Border Patrol officials in southern Arizona said more than 90 unaccompanied Guatemalan children were found near Sasabe on July 8.
GUATEMALA CITY (AP) - Guatemala’s consulate in Tucson, Arizona, said July 14 it has identified 456 unaccompanied Guatemalan minors, most between the ages of 7 and 17, who had been found by U.S. Border Patrol officers so far in July.
U.S. officials often ask home-country consulates to identify minors.
The Guatemalan Foreign Relations Ministry said Wednesday that the children were found in several Arizona border communities, including Sasabe, Naco and Nogales.
Each of those communities has a Mexican town of the same name on the other side of the border. Monday and Tuesday were particularly busy, with 80 kids identified.
The minors had entered the United States without proper documents.

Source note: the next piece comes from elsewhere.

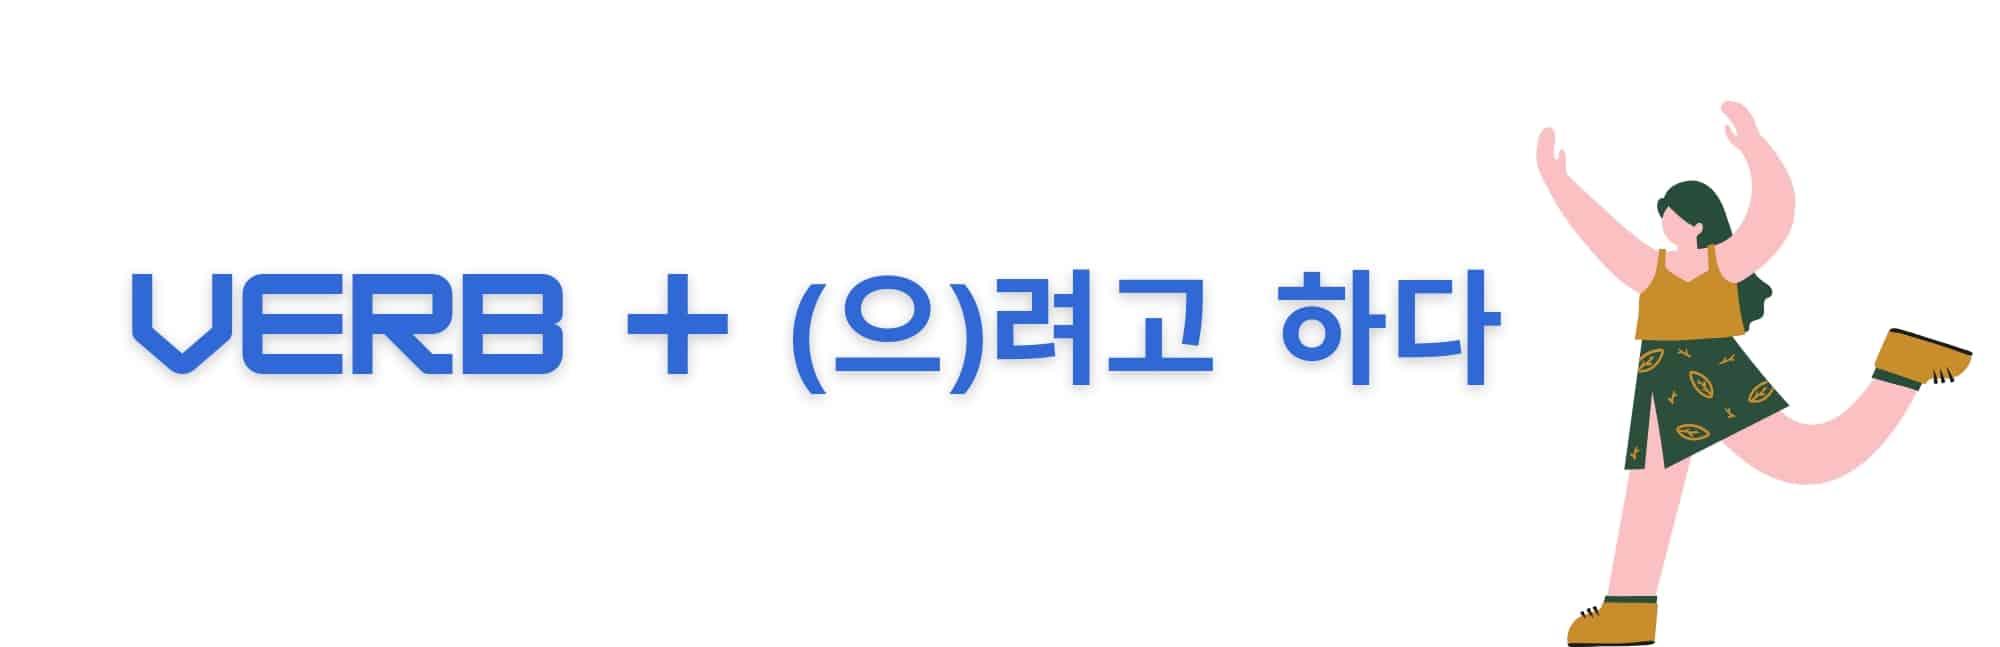 Verb + (으)려고 하다

They were mainly from the heavily indigenous and rural provinces of Huehuetenango, San Marcos and Quiche.
Ursula Roldan, who researches migration at the Rafael Landívar University, said "the number seems very high in such a short span of time."
"I think it has to do with family reunification," Roldan said. "I think the immigrant smugglers are hurrying things up because there has been talk of investigating the smugglers’ structures."
Unaccompanied minors who make it into the U.S. are sometimes placed with relatives there. But the Guatemalan government says that so far this year, 2,873 unaccompanied minors have been deported from Mexico and the United States.